For me to better understand the Transformer architecture and how to train them, I designed this simple sequence2sequence example which takes in a string and sorts in alphabetical order. 

It learns to do the job well within 4 epochs. Here is the output on unseen data after 4 epochs:

Epoch: 4, Train loss: 0.10, Validation loss: 0.05

Input string: sortingtest - Sorted string: eginorssttt

Input string: abcdef - Sorted string: abcdef

Input string: fedcba - Sorted string: abcdef

Input string: prithvi - Sorted string: hiiprtv

In [92]:
import torch
import torch.nn as nn
import torch.optim as optim
import random
import string
import itertools
from torch.utils.data import DataLoader
import math

# Constants
DEVICE = torch.device("cuda" if torch.cuda.is_available() else "cpu")
MAX_LENGTH = 20
BATCH_SIZE = 64
TRAIN_SAMPLES = 50000
VALIDATION_SAMPLES = 500
EPOCHS = 5
LEARNING_RATE = 0.001

NUM_ENCODER_LAYERS = 3
NUM_DECODER_LAYERS = 3
HIDDEN_SIZE = 256
NHEAD = 4
DROPOUT = 0.1

# Data Preparation
def generate_sample():
    sequence_length = random.randint(1, MAX_LENGTH)
    sequence = "".join(random.choices(string.ascii_lowercase, k=sequence_length))
    sorted_sequence = "".join(sorted(sequence))
    return sequence, sorted_sequence

def pad_sequence(seq, max_length):
    return seq + [0] * (max_length - len(seq))

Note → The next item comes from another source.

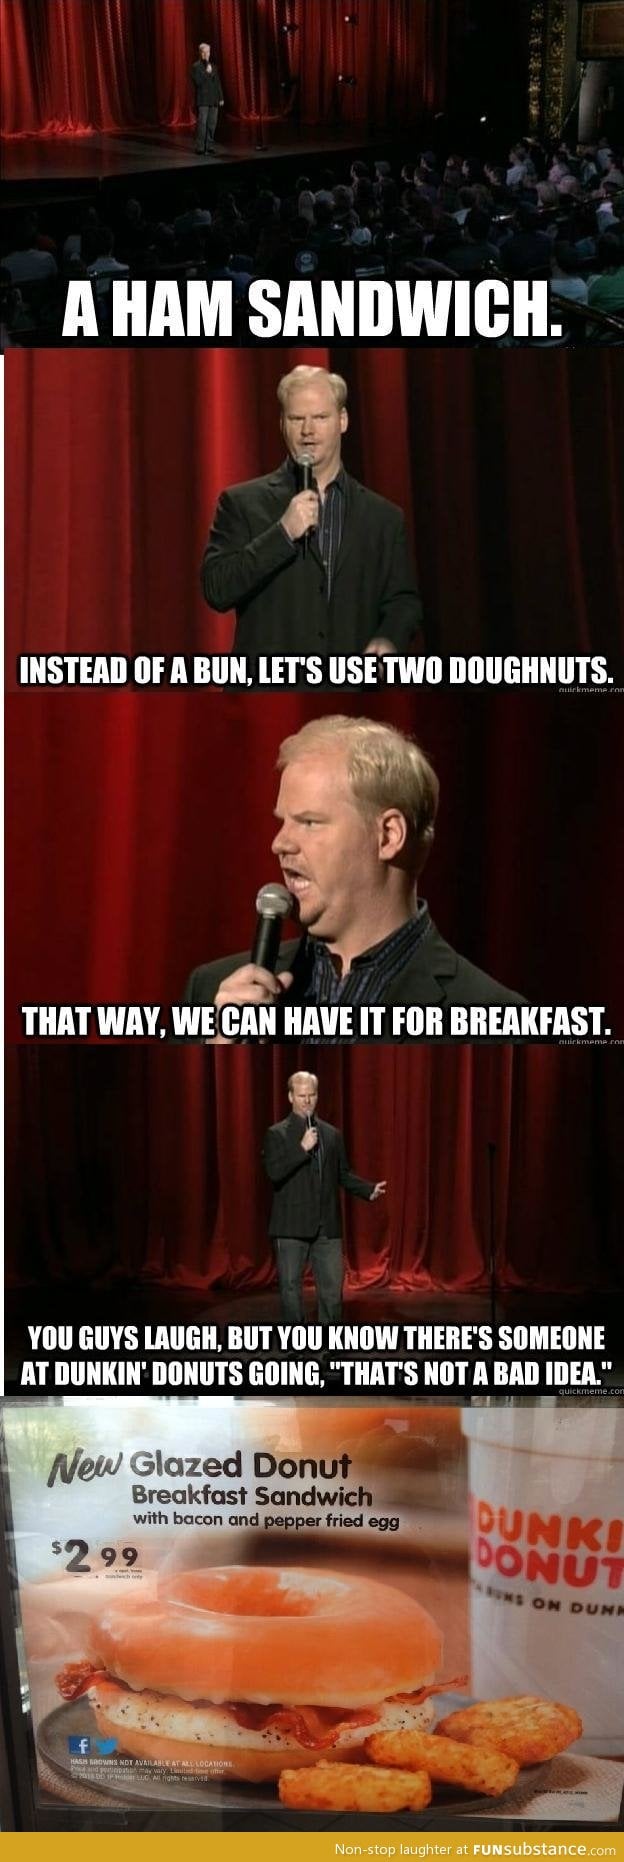 Jim gaffigan near perfectly predicts the future of food

def tensor_from_string_padded(s, char_to_idx, max_length):
    idxs = [char_to_idx[c] for c in s]
    padded_idxs = pad_sequence(idxs, max_length)
    return torch.tensor(padded_idxs, dtype=torch.long, device=DEVICE)

def tensors_from_pair_padded(input_str, output_str, char_to_idx, max_length):
    input_tensor = tensor_from_string_padded(input_str, char_to_idx, max_length)
    output_tensor = tensor_from_string_padded(output_str, char_to_idx, max_length)
    return input_tensor, output_tensor

def generate_data_padded(num_samples, char_to_idx, max_length):
    data = [generate_sample() for _ in range(num_samples)]
    return [tensors_from_pair_padded(input_str, output_str, char_to_idx, max_length) for input_str, output_str in data]

def custom_collate_fn(batch):
    inputs, targets = zip(*batch)
    inputs = torch.stack(inputs, dim=1)
    targets = torch.stack(targets, dim=1)
    return inputs, targets

chars = string.ascii_lowercase
char_to_idx = {c: i + 1 for i, c in enumerate(chars)}
idx_to_char = {i + 1: c for i, c in enumerate(chars)}

train_data = generate_data_padded(TRAIN_SAMPLES, char_to_idx, MAX_LENGTH)
validation_data = generate_data_padded(VALIDATION_SAMPLES, char_to_idx, MAX_LENGTH)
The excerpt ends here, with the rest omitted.